A likely candidate for scheduled maintenance, no?
It is so easy to get an idea into our heads. And an idea can become deeply embedded in our body-mind. Perhaps some figure you admire or respect once said something to you and without knowing it, you carry an idea in your body-mind for years. For example, did anyone ever tell you to ‘pull your shoulders back’, or ‘ tuck your tail under’, or ‘keep your knees together’?
Sometimes it is bizarre what we take on. As a young actor, F.M. Alexander was once told to ‘take hold of the floor with your feet’. Much later he discovered that this one piece of well-meaning advice had led him to develop an unconscious pattern of muscular tension, pulling his toes in, that was affecting his whole psycho-physical co-ordination.

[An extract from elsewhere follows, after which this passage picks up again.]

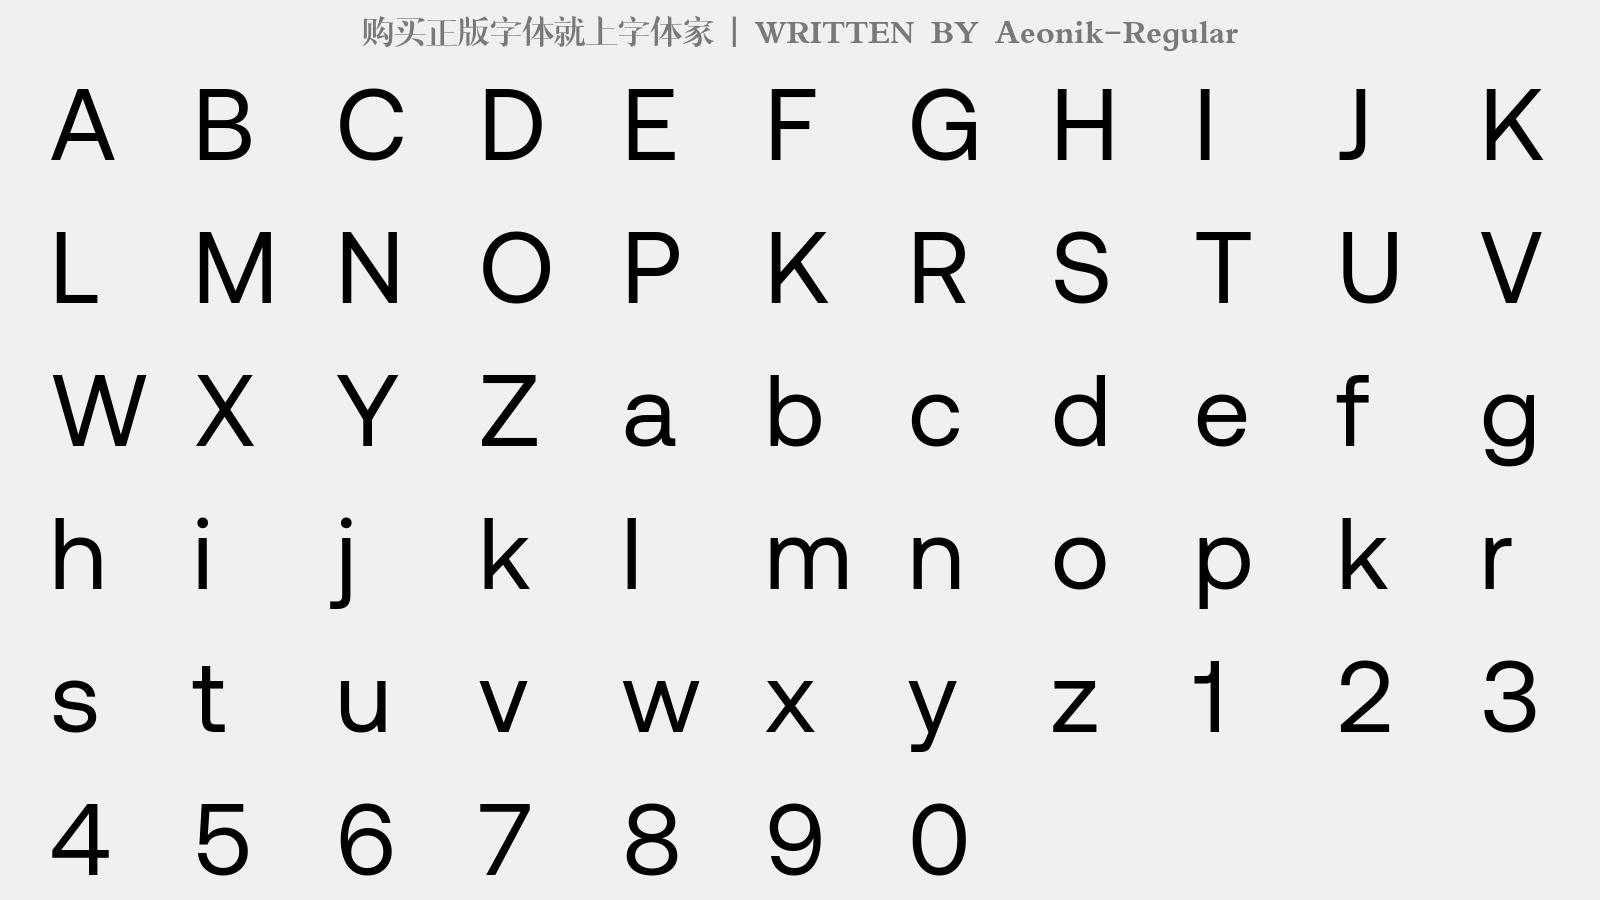 Aeonik-Regular - 大写字母/小写字母/数字

And sometime we have no idea just which words our subconscious decides to take on board. I once set my computer password to ‘forget it’. And promptly did so. In the end I had to get a tech friend to reset the whole system.
Only when you start peeling away the layers of your body-mind do you start to notice the many things you have taken for granted. Then you can ask yourself the question, ‘Is it true?’ and ‘Is it still useful to me?’. Many ideas/patterns may no longer be useful to us where we are at right now, though they may have been so in the past. We carry so many loads, perhaps it is time to discard some extra weight.